CHICAGO, DEC 8: After Apple Computer, two more US tech giants have now come out with profit warnings, sending shivers down the spine of investors.
The world’s No 2 mobile phonemaker, Motorola Inc, slashed its fourth-quarter profit projections by more than 40 per cent on Thursday, citing a slowing semiconductor market and delays in cost-cutting in wireless phone production. Leading semiconductor maker Intel Corp also said its fourth-quarter revenue would be lower than expected because of the slowing demand for personal computers, becoming the latest technology heavyweight to warn of lower sales in a softening economy.
With the warning, Intel and Motorola join a host of other marquee technology names such as Gateway Inc, Apple Computer Inc and Dell Computer Corp that have warned of weaker than expected results. "It’s going to be harsh days on Wall Street, although you had to expect something like this. You can’t have Dell, Apple and Motorola and others having trouble and it not affecting Intel in some way," Gary Helmeg, computer analyst for Wit SoundView said.
The warning from Motorola — hit by order slowdowns among auto, network, computer semiconductor customers and its own wireless business — was just the latest in the technology sector and the second time the company cut fourth-quarter estimates. "As a result of recent large cancellations by customers worldwide, the company now expects revenue for the fourth quarter to be flat, plus or minus a couple of percentage points, with third quarter revenue of $8.7 billion," Intel, the Santa Clara, Calif., company, said in a statement issued after the close of market.
That is lower than the previous expectation that fourth-quarter revenue would be up 4 to 8 per cent from third quarter revenue, it said. Intel did not provide an earnings per share forecast in its statement. Analysts had been expecting it to earn 42 cents per share, up from 35 cents per share a year earlier, according to research firm First Call/Thomson Financial.
Motorola said it expected fourth-quarter sales of $ 10 billion and earnings per share of 15 cents, excluding special items, compared with its prior guidance of $10.5 billion in sales and 27 cents a share in earnings. Motorola had already reduced fourth-quarter earnings expectations to 27 cents from the analysts’ previous consensus of 37 cents a share in October. The company had reported 26 cents a share for the quarter last year.

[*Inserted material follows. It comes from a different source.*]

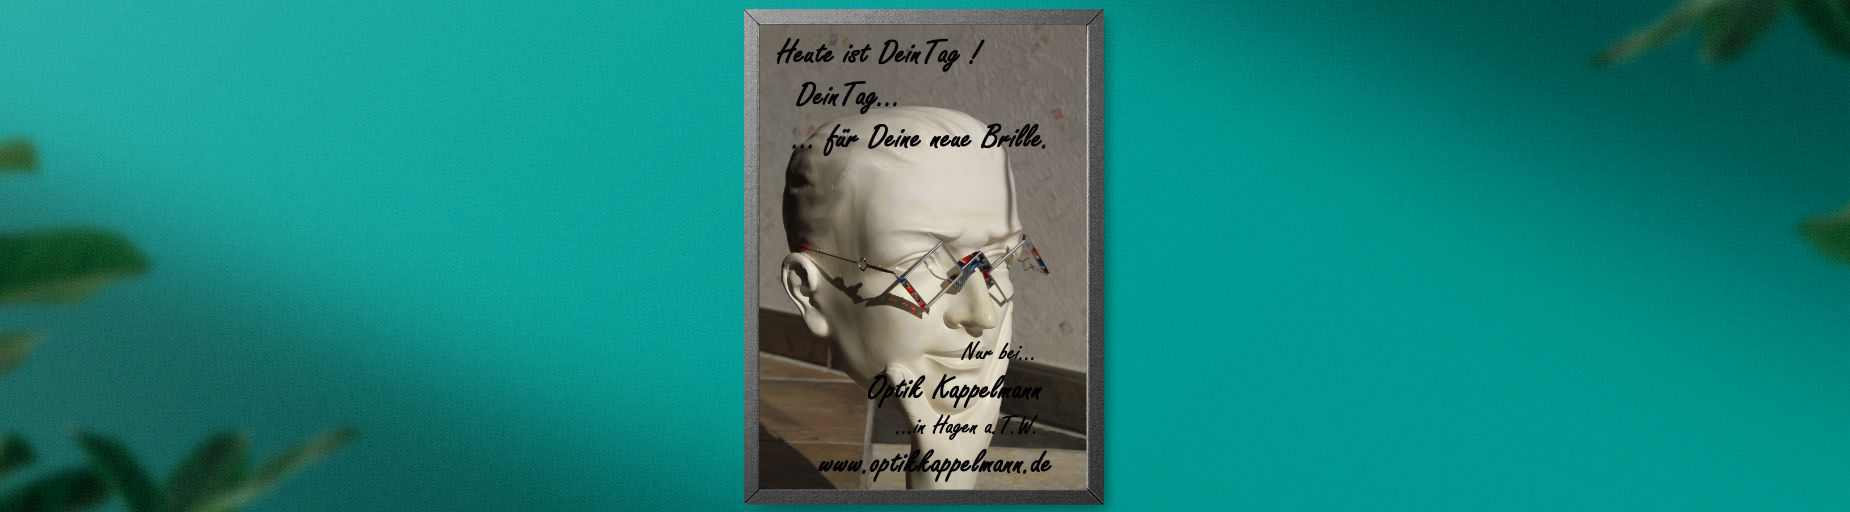 Büste mit Brille von Optik Kappelmann

The warning by Motorola contrasts with the upbeat forecast from the No. 1 mobile phone maker, Finland’s Nokia Corp, earlier this week. Nokia has moved aggressively to carve out more market share against its rivals, which include Sweden’s Ericsson.
Intel said its fourth-quarter gross margins remain unchanged at 63 percent, plus or minus a point. Expenses in the fourth quarter are now expected to be about flat with third-quarter expenses of $2.3 billion. This is lower than the previous expectation that fourth-quarter expenses would be up 6 to 8 per cent from third-quarter expenses, due primarily to a slowdown in discretionary spending and lower revenue dependent and profit dependent expenses.
As a result of the increasingly competitive environment, Schaumburg, Ill.-based Motorola has been initiating cost-cutting measures in its mobile phone unit in an effort to maintain profit levels. However, analysts said they were surprised by the news, particularly regarding Motorola’s handset unit. "Surely the handset part of it was a complete surprise," Ed Snyder, analyst with Chase H&Q said. "They hinted at the semiconductor stuff last quarter when they said things were going to be flat."
Apple Computer Inc warned on Tuesday that it would post its first quarterly operating loss in three years as sales fell far short of expectations, becoming the second major personal computer maker to warn that holiday sales were slow.
Chief Executive Steve Jobs, announcing the first loss since he returned in 1997 to the company he founded, said a worldwide economic slowdown, bad times for personal computer makers and problems of its own making had blindsided Apple. "I’m not proud of this," Jobs told a conference call in which he lowered forecasts for the second quarter in a row. "We were simply not prepared to be hit with three problems simultaneously."